– Мы воюем на самом краю обитаемого мира. Сюда от Рима письмо идет несколько месяцев.
– Это так. Но я уверен, что с твоей Юлией все в порядке. Здоровье у нее исправное, а верность как у ветерана. Не то чтобы я подвергал сомнению…
– Да, конечно. Но довольно об этом, – сжато произнес Катон. – Раздумывать над этим я не могу. Во всяком случае, сейчас, пока не побежден Каратак.
Макрон кивнул, а сам исподтишка поглядел на друга, хорошо понимая истинную причину уклончивого ответа. Парень обрел свою любовь, но армейская жизнь такова, что не прошло и месяца после женитьбы, как он уже был вынужден покинуть Юлию. А прежде чем он увидит ее снова, пройдет, не исключено, еще несколько лет, за которые может случиться все, что угодно. Так печально размышлял Макрон на подъезде к рядам палаток обозного сопровождения.
Синея, грустно умирали сумерки. Приступа сегодня не предвиделось, а потому вражеское воинство в большинстве своем стало расходиться с укреплений, взбираясь к своему становищу на вершине холма. Там сейчас зажигались костры, и холмистый гребень освещался россыпью дальних огоньков. Римским солдатам на берегу оставалось лишь гадать о том, какое число составляет смутно различимый с берега неприятель. Большинство караульных помалкивали, однако время от времени через глухо шумящую реку на тот берег летели смачные ругательства, которые через какое-то время пресек опцион, громогласно прооравший своим подчиненным заткнуться и вести наблюдение молча. Вниз по склону скатывались отголоски смеха и пения: воинство Каратака на холме напивалось и раззадоривало себя в преддверии грядущей битвы.

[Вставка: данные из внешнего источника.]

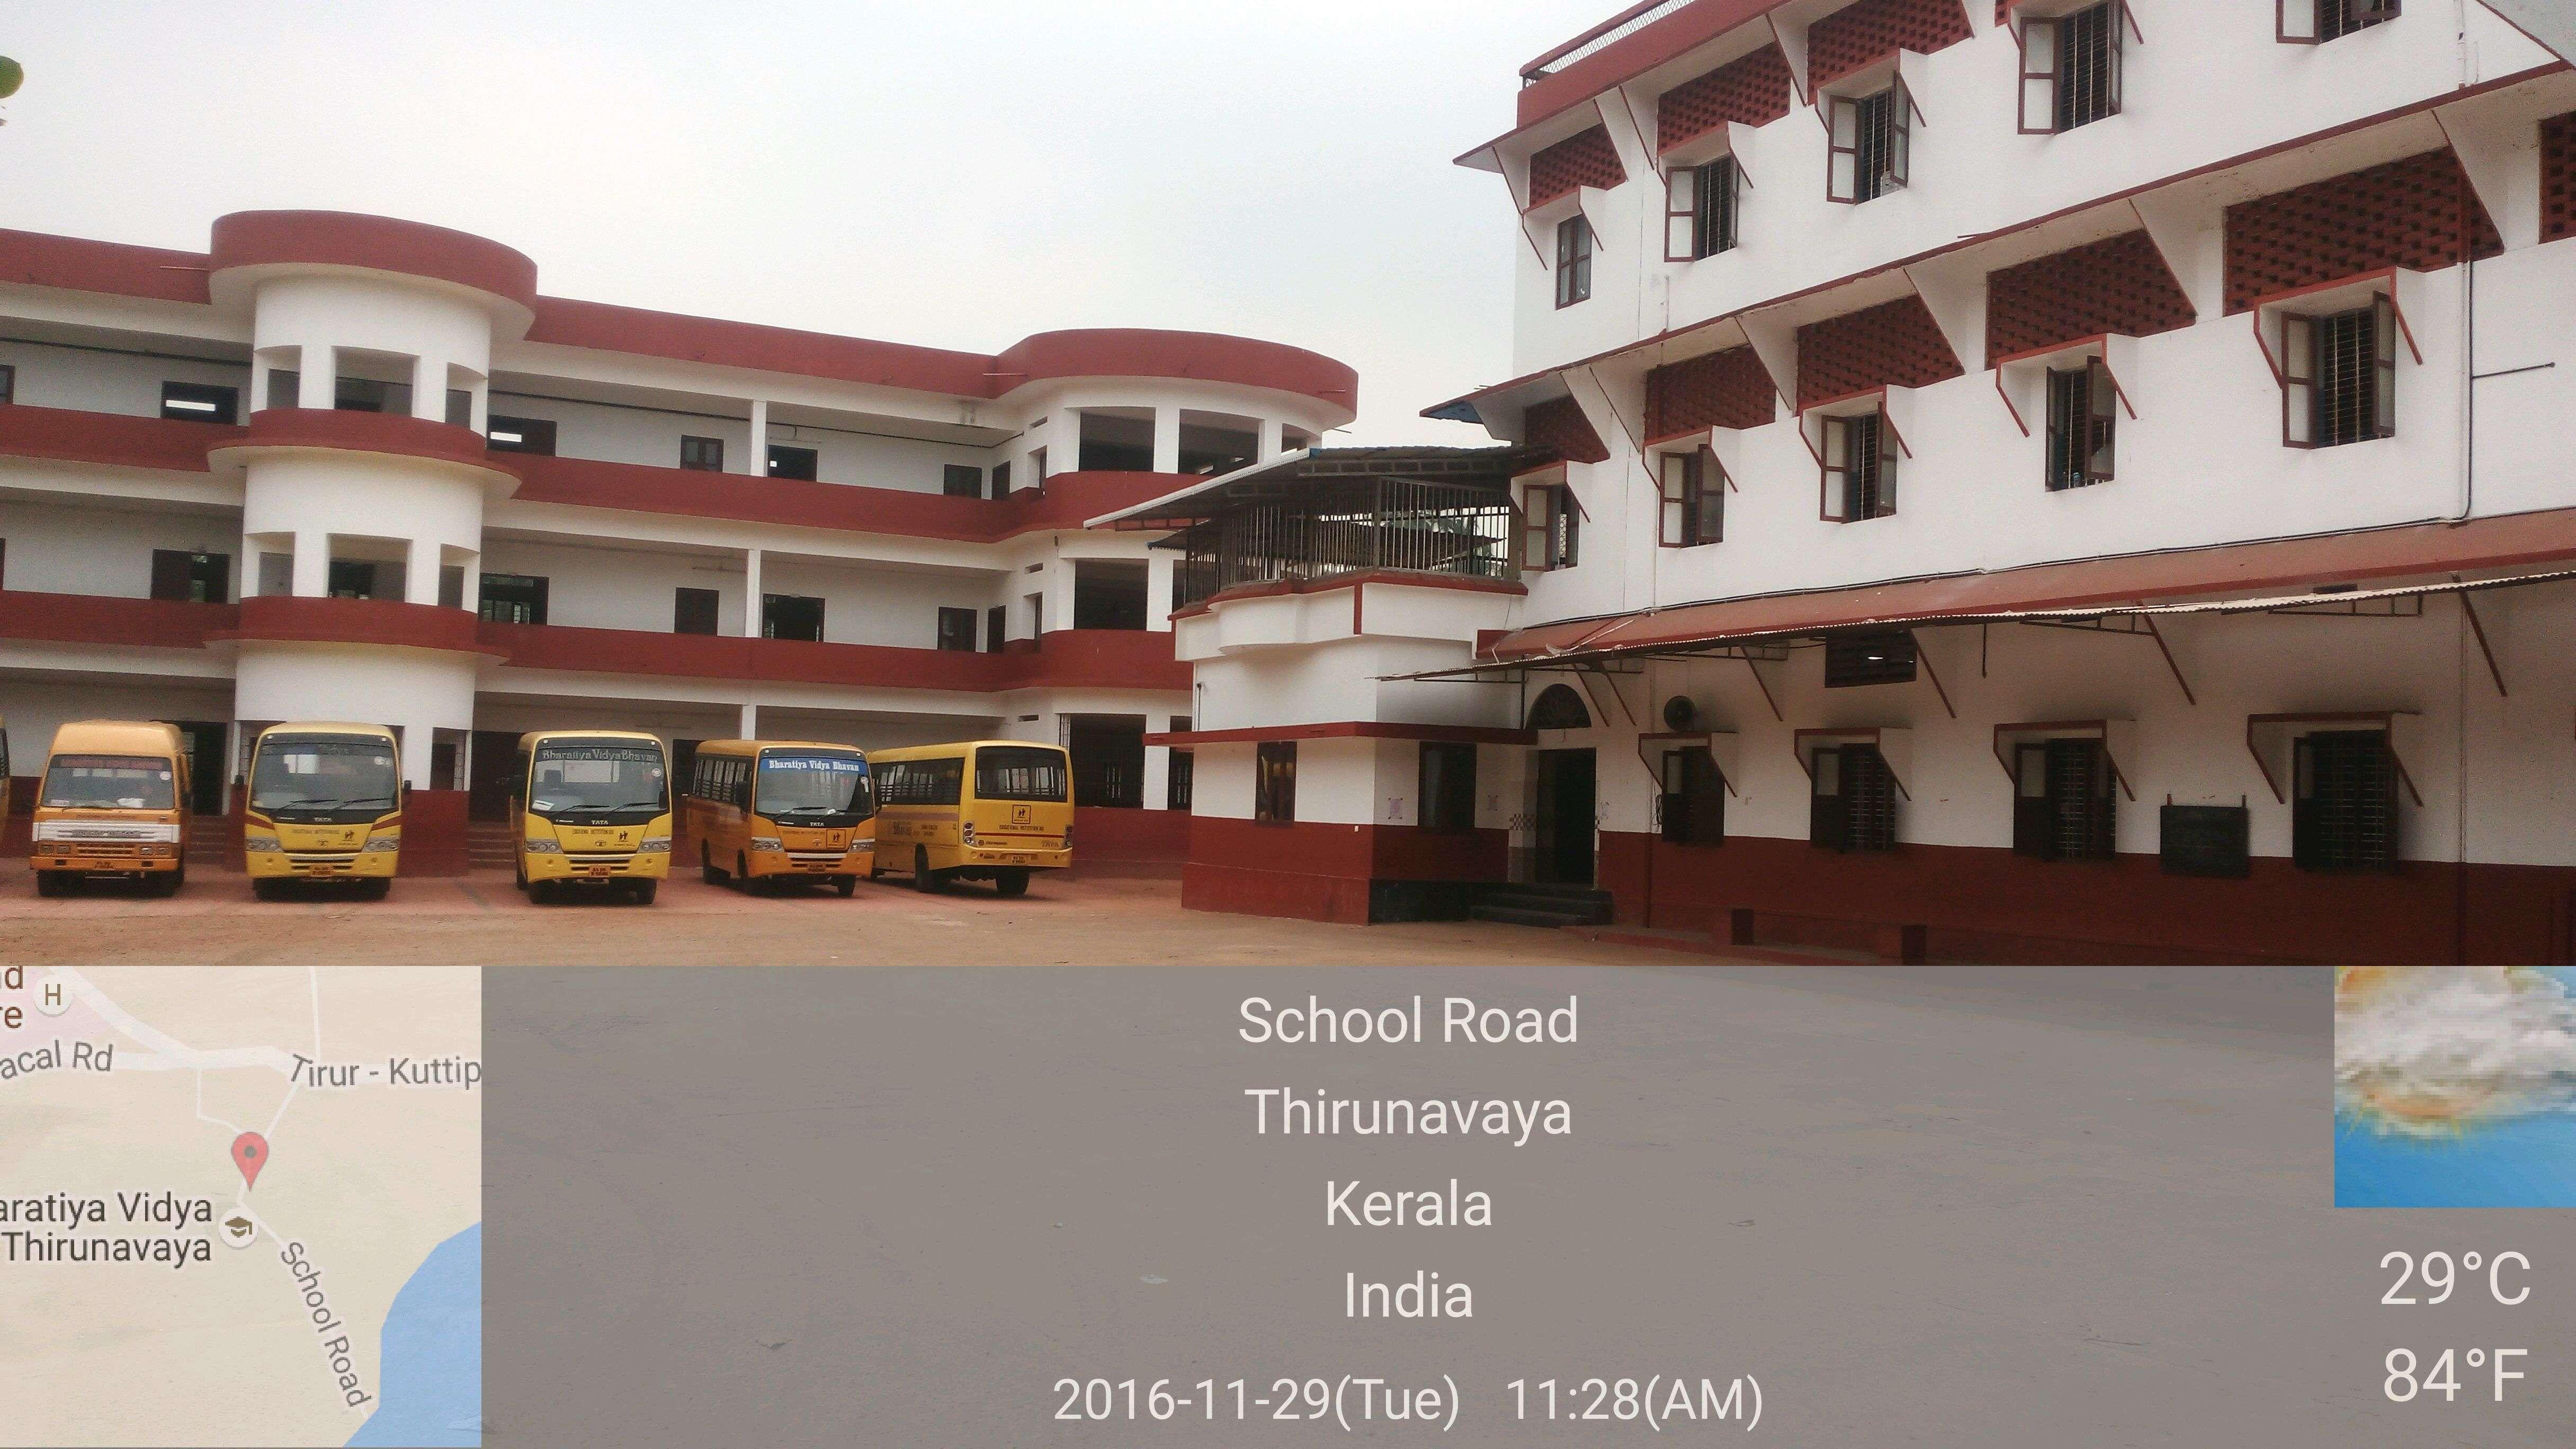 BHARATIYA VIDYA BHAWAN ENG MEDIUM SCHOOL THIRUNAVAYA MALAYAPPURAM KERALA 930317

В римском лагере настроение было не столь залихватское, более приземленное: солдаты занимались обычной рутиной своей армейской жизни. Когда были установлены палатки, они принялись готовить свою простецкую вечернюю трапезу, а затем те, кто входил в первую смену вечернего караула, надели доспехи, взяли оружие и разошлись по своим постам. Их товарищи в это время сидели у костров, занимаясь починкой снаряжения и точа оружие перед завтрашним боем. Все это протекало за негромкими разговорами. Те, кто еще не успел применить свою нелегкую выучку в кровавой бойне, сидели в молчании, поддерживая в себе мужество и пытаясь отогнать многочисленные страхи – смерти, увечья, жуткого хладного удара вражеского копья, меча, стрелы или крушащего заряда пращи; ну и, что хуже всего, неспособности скрыть свой страх перед лицом боевых товарищей. Другие держались поближе к ветеранам, ища совета и наставления насчет того, как лучше совладать с тем, чего не миновать. Советы были неизменно одни и те же: верить в свою выучку, полагаться на волю богов и убивать все живое, что стоит на пути.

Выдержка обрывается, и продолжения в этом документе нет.